Gratitude as Acknowledgement
Psalm 9: 1-2
Offering prayers of thanksgiving ground me. I don’t think God needs to hear them; I think I need to say them. It shifts how I see, how I move through the world, how I act. It is a spiritual practice of remembering and a rightful acknowledgment of where things come from. All good things come from God. In that acknowledgment, my ego drops away, and I loosen my grip on what I think is mine. I soften, humbled by the abundance of God’s goodness around me. The sun comes from God, and it shines on me. The food I eat comes from God and it nourishes me. The children I am raising come from God and they delight me.

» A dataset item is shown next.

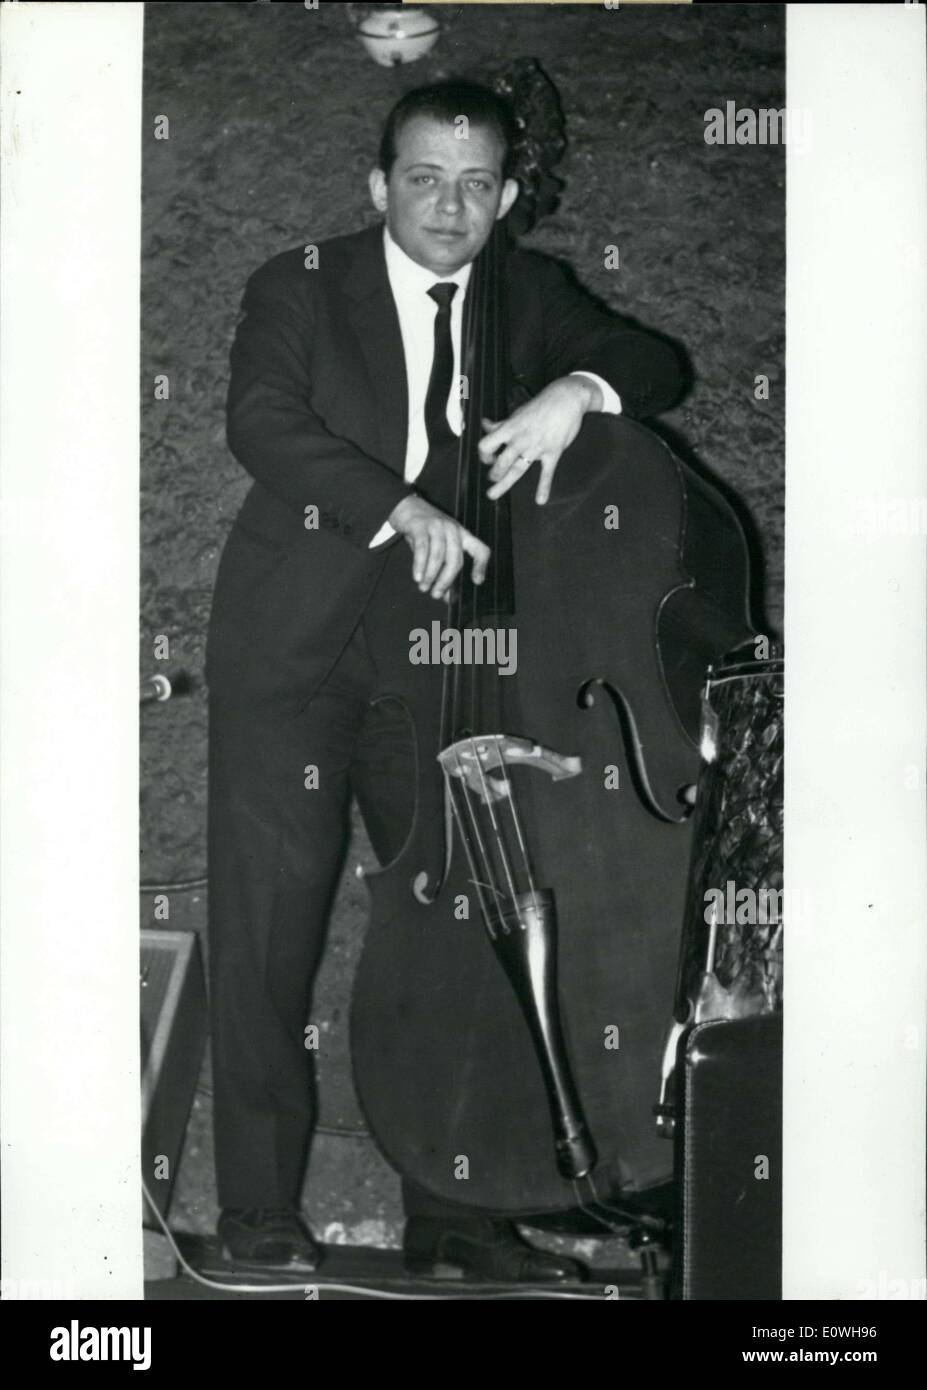 15 janvier 1963 - L'Académie du Jazz, sous la présidence de Jean Cocteau vient de donner le prix Django Reinhardt pour 1962 à band-leader et double-bassiste Pierre Michelot. Photo : Michelot avec son instrument. Banque D'Images

People and organizations can make land acknowledgment statements to recognize and respect Indigenous people that steward the land and understand what brought us to reside on the land. I live on land that does not belong to me.
I come from Ireland and Poland. I come from farmers, dreamers, and feminist Catholic nuns. I come from “Always do your best” and “Put your lips on.” I come from firm handshakes, Diet Coke, and cartwheels in the grass. I come from Margie and Mike.
I come from God and I am grateful.
Today, give a nod to machines like your coffee maker, computer, phone, and car before using them to grow your gratitude for the things that bring ease to our days. Nod as an acknowledgment of relationship to objects, our dependence on God, and our interdependence on each other.
Gratitude as Seeing
Genesis 18: 9-12
When I was thirteen, I fell on a gymnastic tumbling pass and shattered my left elbow. The doctor almost had to amputate my arm. That injury gave me a lens of gratitude. Gratitude is a way of seeing. It is seeing that there could have been nothing but there is something. It is looking out at the gorgeous, expansive universe and whispering the line of Jane Kenyon, “How, when there could have been nothing, does it happen that there is love, kindness, and beauty?” I walk through my days with the grateful outlook of someone who could have had one arm, but instead, against the odds, has two.
When I was thirty-three, I had two miscarriages, back-to-back. I sat in the reality that I may not become a mother, a role I yearned for. In that place of brokenness and deep wanting, God loved me and reminded me that I am enough. Eventually I carried a child full term, and when my water broke to begin labor, I couldn’t stop laughing. I thought of Sarah, laughing in disbelief, fear, and awe, and laughed with her.
These days, one of my favorite places in the world is sitting on the couch, my two arms wrapped around my two boys. So often, delight at the goodness of it all bubbles up and over as laughter and tears. My kids call it “happy crying.” My body just can’t contain the overflowing gratitude.
Where do you see love, kindness, and beauty today? Look up to the sky. Intentionally touch wildness. Remember that you belong in the web of life.